Fundament für Schiebetor zweiteilig betonieren

    Diese Seite verwendet Cookies. Durch die Nutzung unserer Seite erklären Sie sich damit einverstanden, dass wir Cookies setzen. Weitere Informationen

    Im Zuge der Aktualisierung auf EFB 2.0 werden umfangreiche Wartungsarbeiten (voraussichtlich) vom 27.04 durchgeführt. Wir Entschuldigen, dass das Forum ab 19 Uhr nicht mehr erreichbar sein wird. Bei planmäßigen Durchlauf sind wir spätestens am darauf folgenden Tag (Samstag) wieder erreichbar.

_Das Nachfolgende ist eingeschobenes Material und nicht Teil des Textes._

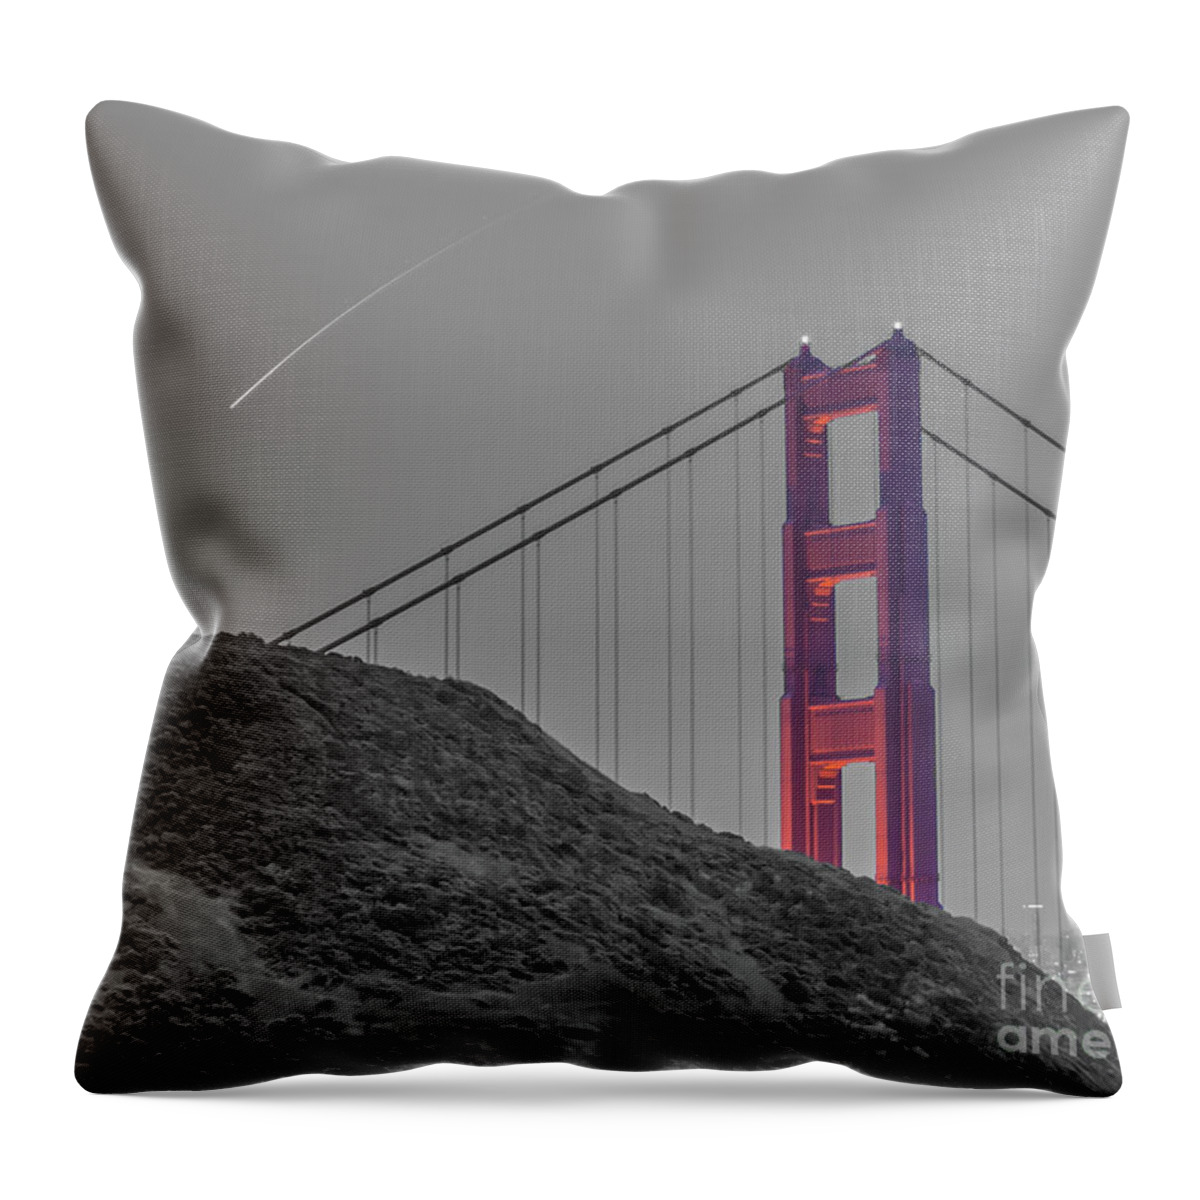 Golden Gate Bridge Throw Pillow featuring the photograph Golden Gate by Michael Tidwell

    • Fundament für Schiebetor zweiteilig betonieren

      Servus,

      ich werde mir ein selbsttragendes Schiebetor für die Hofeinfahrt leisten. Das wird geliefert und montiert, aber es wird WESENTLICH günstiger, erstellt man das Fundament selbst.

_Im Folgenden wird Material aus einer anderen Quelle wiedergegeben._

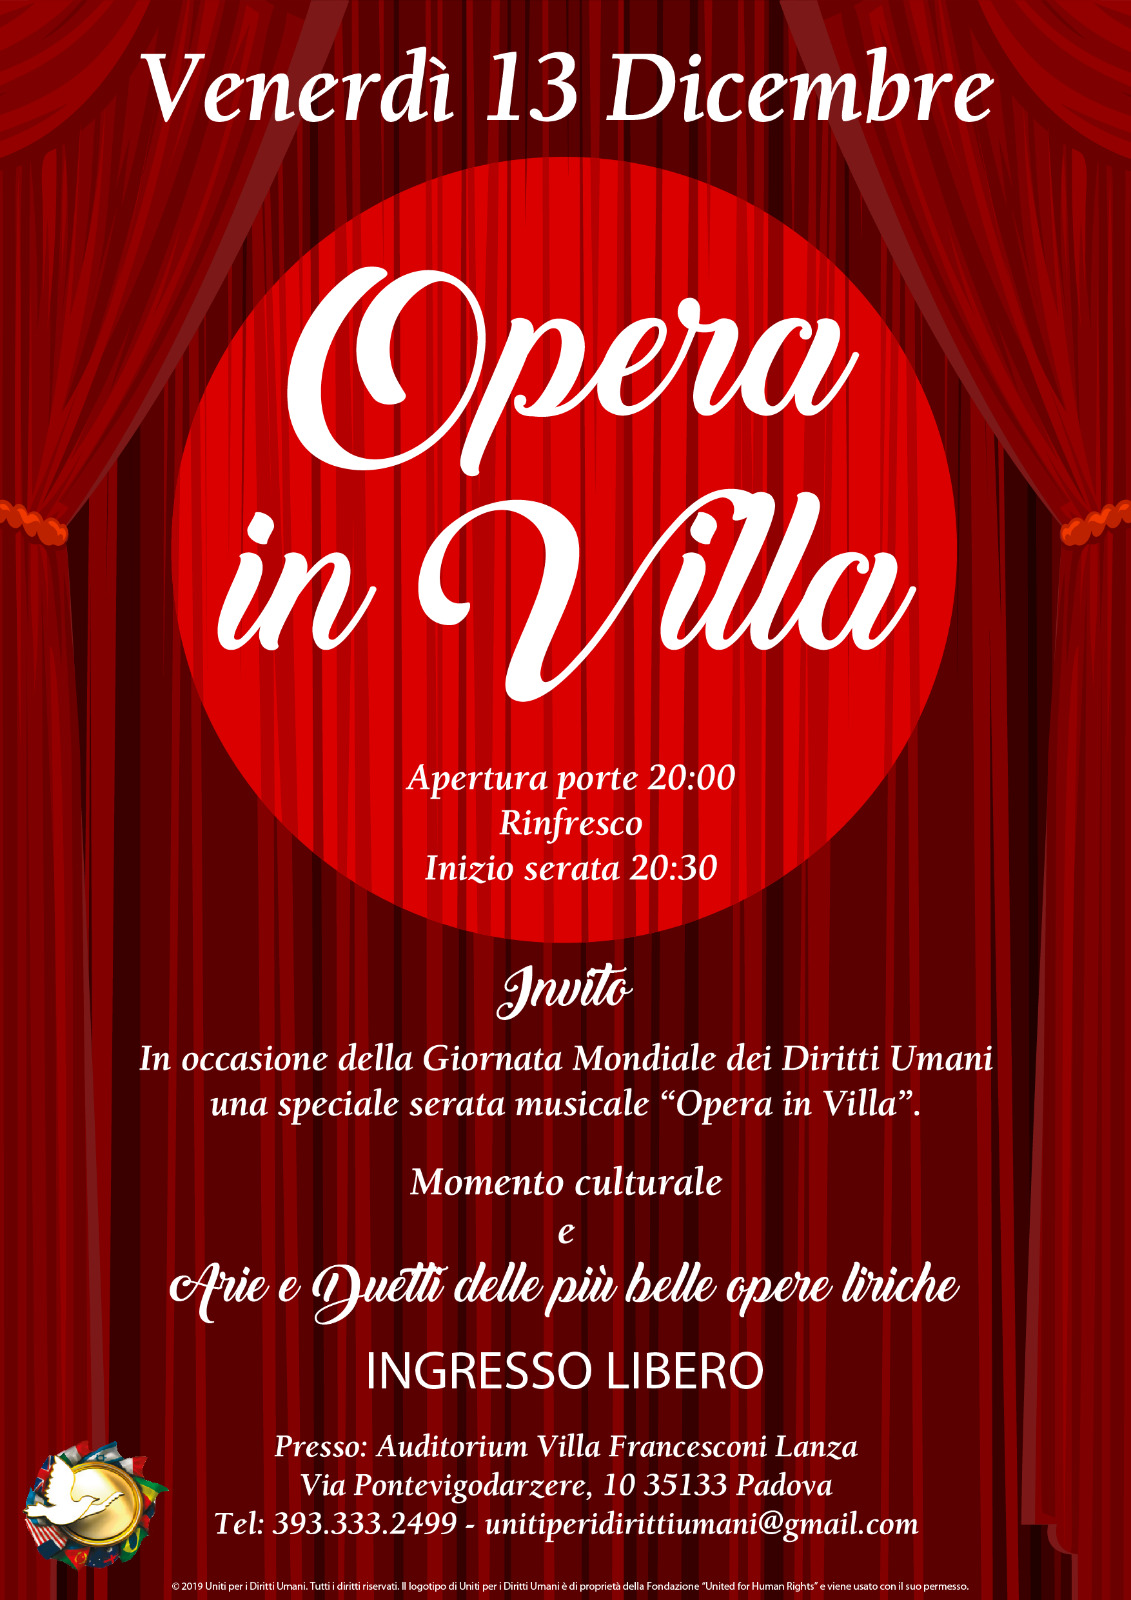 Padova: Opera in villa – Aree e duetti delle più belle opere liriche per celebrare la Giornata Mondiale Per i Diritti Umani

      Das Fundament wird 163x30x100 (LxBxH). Es sitzt jedoch nur ca. 20cm von der Grundstücksgrenze und die Randsteine der Straße werden noch getauscht. Das Loch ist bereits auf 1m ausgehoben.
      Das der Baggerfahrer das Loch mit der Humusschaufel äußerst großzügig ausgebaggert hat :cursing: muss ich schalen, wollte Betonschalsteine nehmen 3 Reihen a 245, den Rest Bretterschalung.



      Jetzt wäre es vom Bauablauf her sehr sinnvoll erst 50cm zu betonieren, dann anzufüllen und verdichten, dann die Randsteine setzen, dann den Rest betonieren.
      Wenn ich da ein paar Bewehrungseisen zur Verbindung einsetze (Bewehrung ist nicht vorgesehen bzw. gefordert) sollte das doch kein Problem darstellen, oder etwa doch?
    • Nö, sollte es nicht.
      Die Oberfläche des Erstbetons möglichst rau lassen (z.B. mit Besen oder besser mit Harke aufrauen) und gut nachbehandeln. Rechtzeitig vor dem Einbringen des Zweitbetons gut vornässen (bei Betonage Oberfläche mattfeucht, nicht nass(!)), so dass die Kapillarporenräume des Erstbetons wassergesättigt sind und dem Zweitbeton nicht das Wasser im Bereich der Grenzschicht entzogen wird.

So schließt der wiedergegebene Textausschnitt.